Here is my question. How can I detect if a shell failed to execute a command? The failure could be for any reason actually, but the main point is that the script does not event started.

user14063792468
  • 839
  • 12
  • 28
  • Note that no standard C or POSIX library function ever sets `errno` to zero. Printing an error message based on `errno` when `fd` is not NULL is not appropriate; the error number is not from `popen()` (or is not set because `popen()` failed). Printing `res` after `pclose()` is OK; adding `strerror(errno)` runs into the same problem (the information in `errno` may be entirely irrelevant). You can set `errno` to zero before calling a function. If the function returns a failure indication, it may be relevant to look at `errno`. _[…continued…]_ – Jonathan Leffler Feb 01 '20 at 00:47
  • _[…continuation…]_ However, `errno` can be set non-zero by a function even if it succeeds. Solaris standard I/O used to set `errno = ENOTTY` if the output stream was not connected to a terminal, even though the operation succeeded; it probably still does. – Jonathan Leffler Feb 01 '20 at 00:47
  • @JonathanLeffler The man for `popen` and `pclose` does say that the functions set `errno` on failure. Not any failure but some. I do not run any functions in between or right after `popen` or `pclose`, then why should `errno` be irrelevant? – user14063792468 Feb 01 '20 at 00:54
  • Yes — but they may also set `errno` to a non-zero value even when they succeed. You can't interpret `errno` meaningfully unless the function first reports failure through its exit status. – Jonathan Leffler Feb 01 '20 at 00:56
  • @JonathanLeffler Also I run `linux`, tag updated. – user14063792468 Feb 01 '20 at 00:56
  • @JonathanLeffler That is the case. The exit status of both functions is OK. But the shell failed. What should I do? That was the question. – user14063792468 Feb 01 '20 at 00:58
  • don't understand your output. You have `res =` in your printf strings, but not in your output. Is the output you show actually the output you are getting, or have you made a substantive copy/paste error? – William Pursell Feb 01 '20 at 01:11
  • @WilliamPursell I made an edit. This is, and for some degree was, an exact output. – user14063792468 Feb 01 '20 at 01:16
  • @JonathanLeffler *Solaris standard I/O used to set` errno = ENOTTY` if the output stream was not connected to a terminal, even though the operation succeeded; it probably still does.* That's perfectly legal [per 7.5p3](https://port70.net/~nsz/c/c11/n1570.html#7.5p3): "The value of errno may be set to nonzero by a library function call whether or not there is an error, provided the use of errno is not documented in the description of the function in this International Standard." Quite a few of the stdio functions aren't documented to set `errno`, such as `printf()` and `fwrite()`. – Andrew Henle Feb 01 '20 at 01:26
  • @AndrewHenle — yes, I was using as an example of "it is legal for a function to set `errno` even if the function itself succeeds". – Jonathan Leffler Feb 01 '20 at 01:28

1 Answers1

3

General comments about when to use errno

No standard C or POSIX library function ever sets errno to zero. Printing an error message based on errno when fd is not NULL is not appropriate; the error number is not from popen() (or is not set because popen() failed). Printing res after pclose() is OK; adding strerror(errno) runs into the same problem (the information in errno may be entirely irrelevant). You can set errno to zero before calling a function. If the function returns a failure indication, it may be relevant to look at errno (look at the specification of the function — is it defined to set errno on failure?). However, errno can be set non-zero by a function even if it succeeds. Solaris standard I/O used to set errno = ENOTTY if the output stream was not connected to a terminal, even though the operation succeeded; it probably still does. And Solaris setting errno even on success is perfectly legitimate; it is only legitimate to look at errno if (1) the function reports failure and (2) the function is documented to set errno (by POSIX or by the system manual).

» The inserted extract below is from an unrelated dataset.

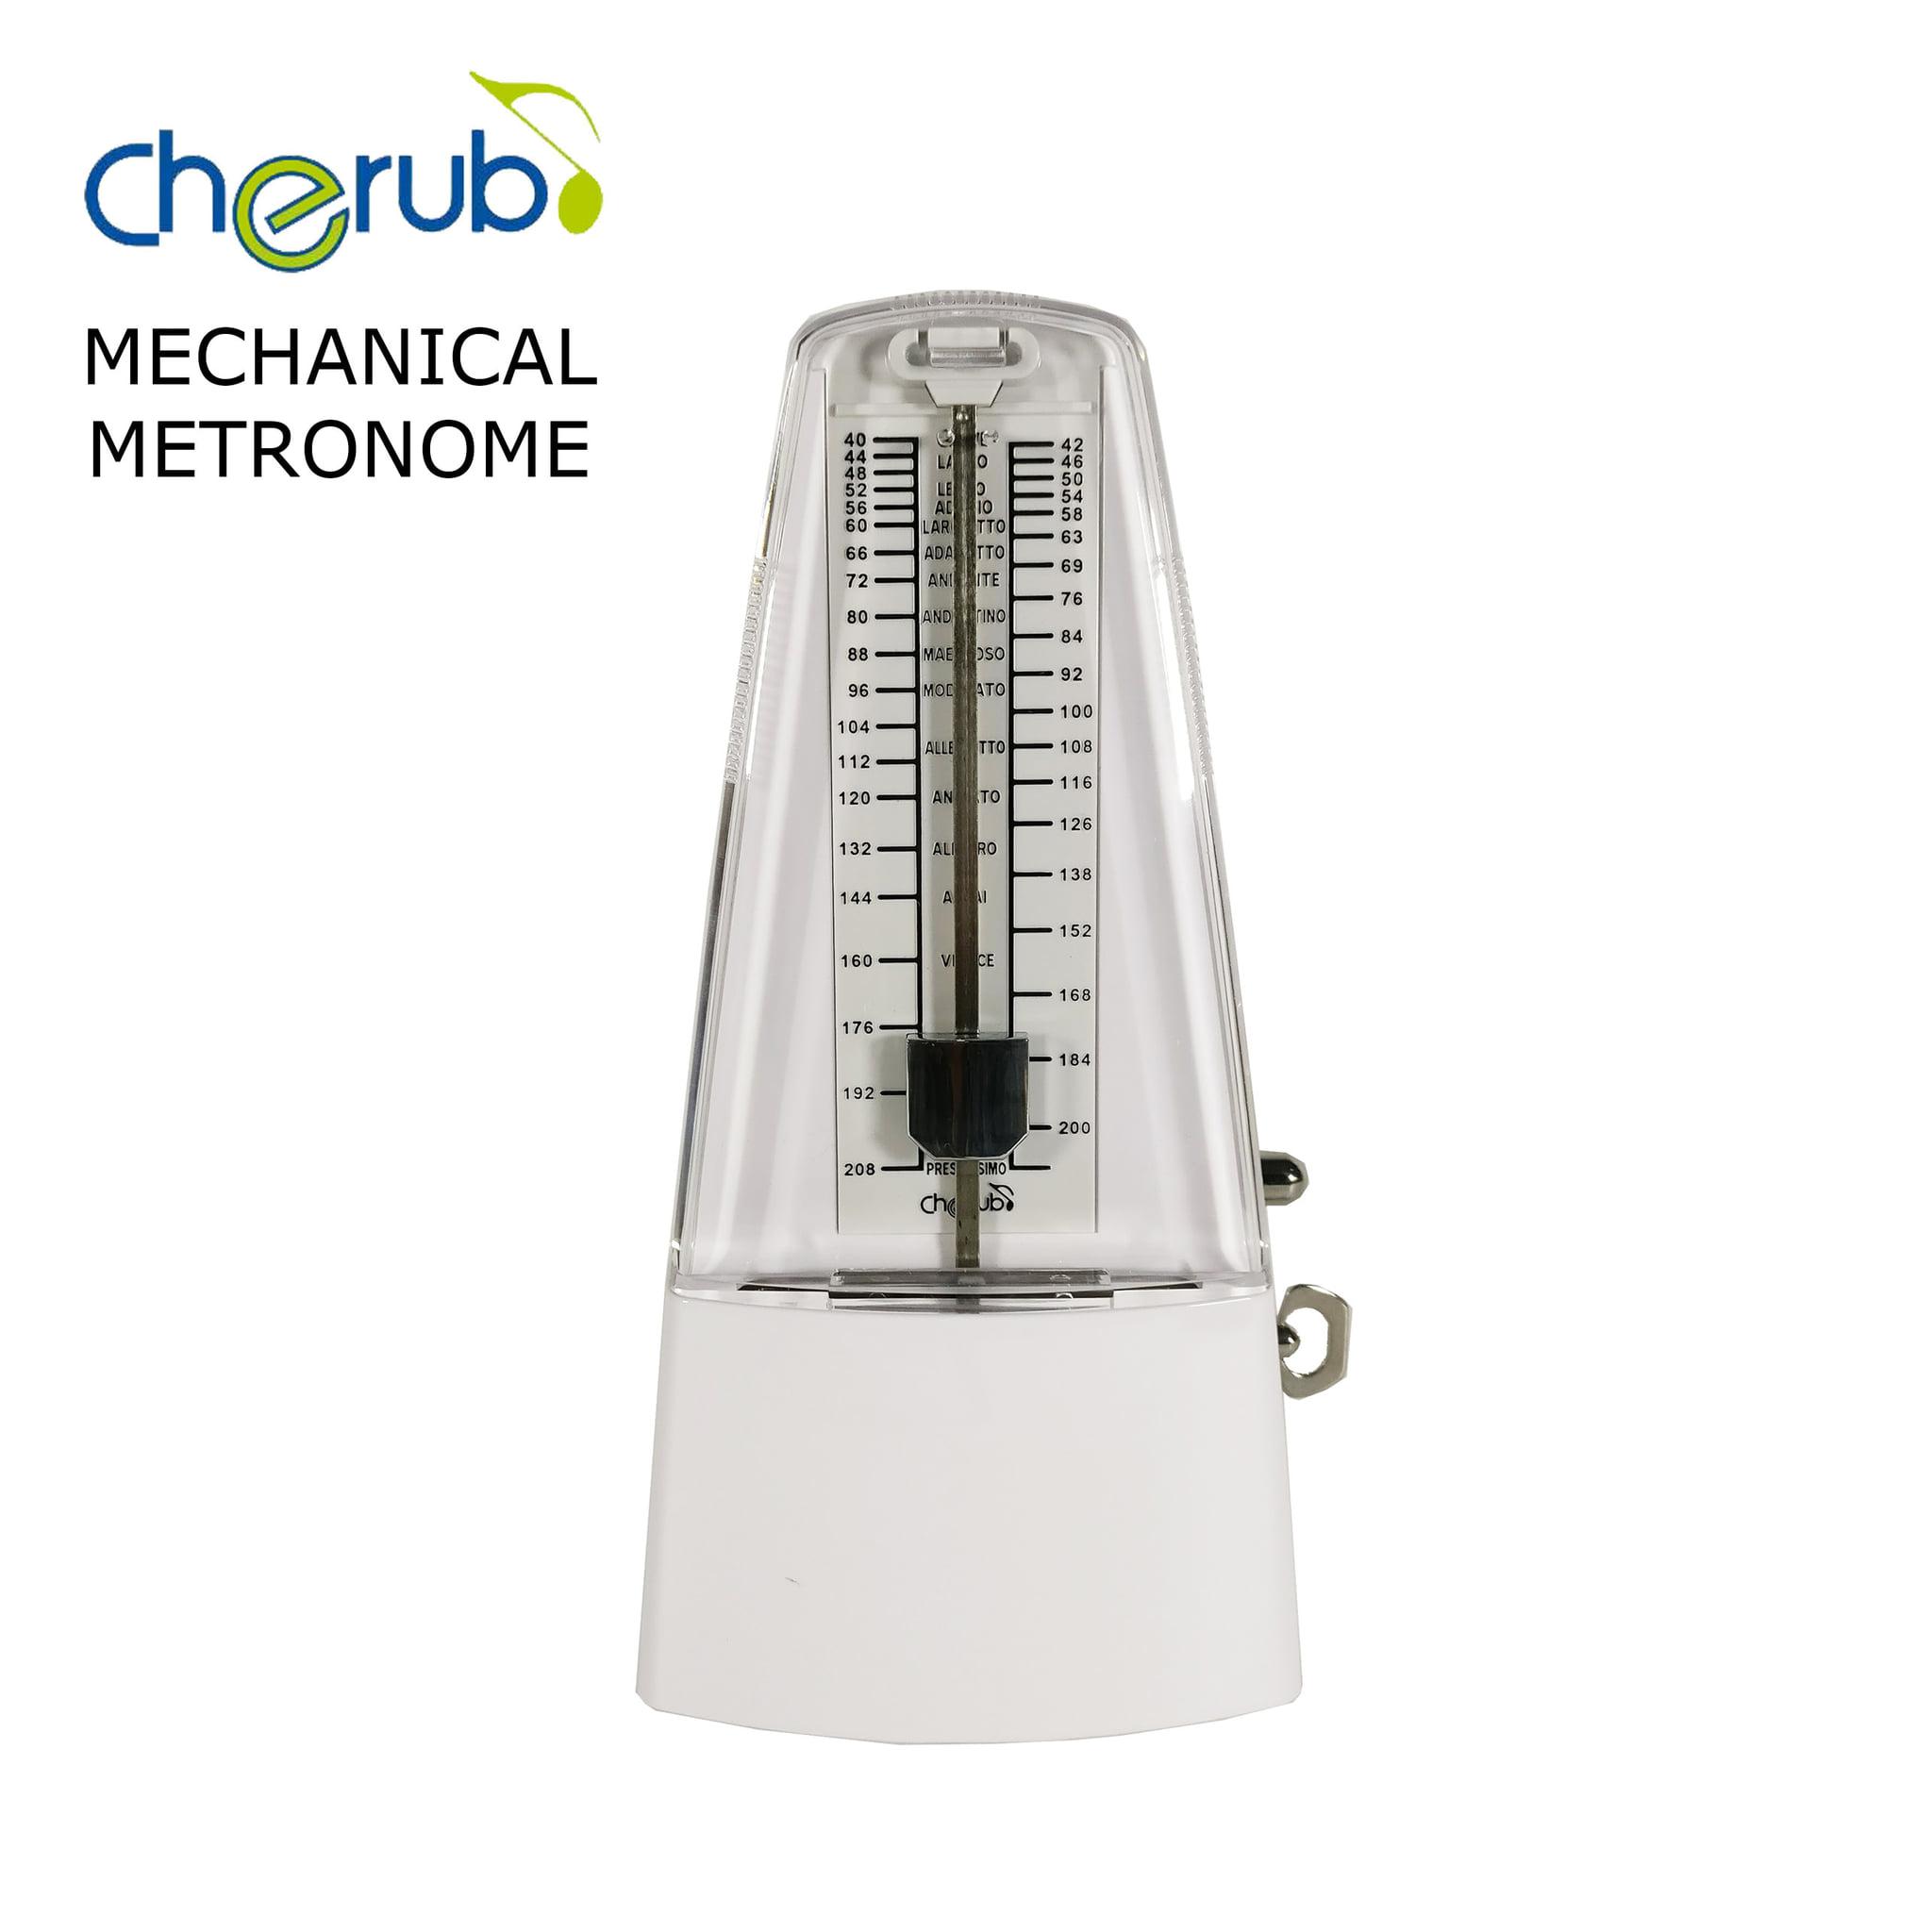 harga Metronome Mekanik Cherub Wsm - 330 White Blanja.com

See C11 §7.5 Errors <errno.h> ¶3:

The value of errno in the initial thread is zero at program startup (the initial value of errno in other threads is an indeterminate value), but is never set to zero by any library function.202) The value of errno may be set to nonzero by a library function call whether or not there is an error, provided the use of errno is not documented in the description of the function in this International Standard.

202) Thus, a program that uses errno for error checking should set it to zero before a library function call, then inspect it before a subsequent library function call. Of course, a library function can save the value of errno on entry and then set it to zero, as long as the original value is restored if errno's value is still zero just before the return.

POSIX is similar (errno):

Many functions provide an error number in errno, which has type int and is defined in <errno.h>. The value of errno shall be defined only after a call to a function for which it is explicitly stated to be set and until it is changed by the next function call or if the application assigns it a value. The value of errno should only be examined when it is indicated to be valid by a function's return value. Applications shall obtain the definition of errno by the inclusion of <errno.h>. No function in this volume of POSIX.1-2017 shall set errno to 0. The setting of errno after a successful call to a function is unspecified unless the description of that function specifies that errno shall not be modified.

popen() and pclose()

The POSIX specification for popen() is not dreadfully helpful. There's only one circumstance under which popen() 'must fail'; everything else is 'may fail'.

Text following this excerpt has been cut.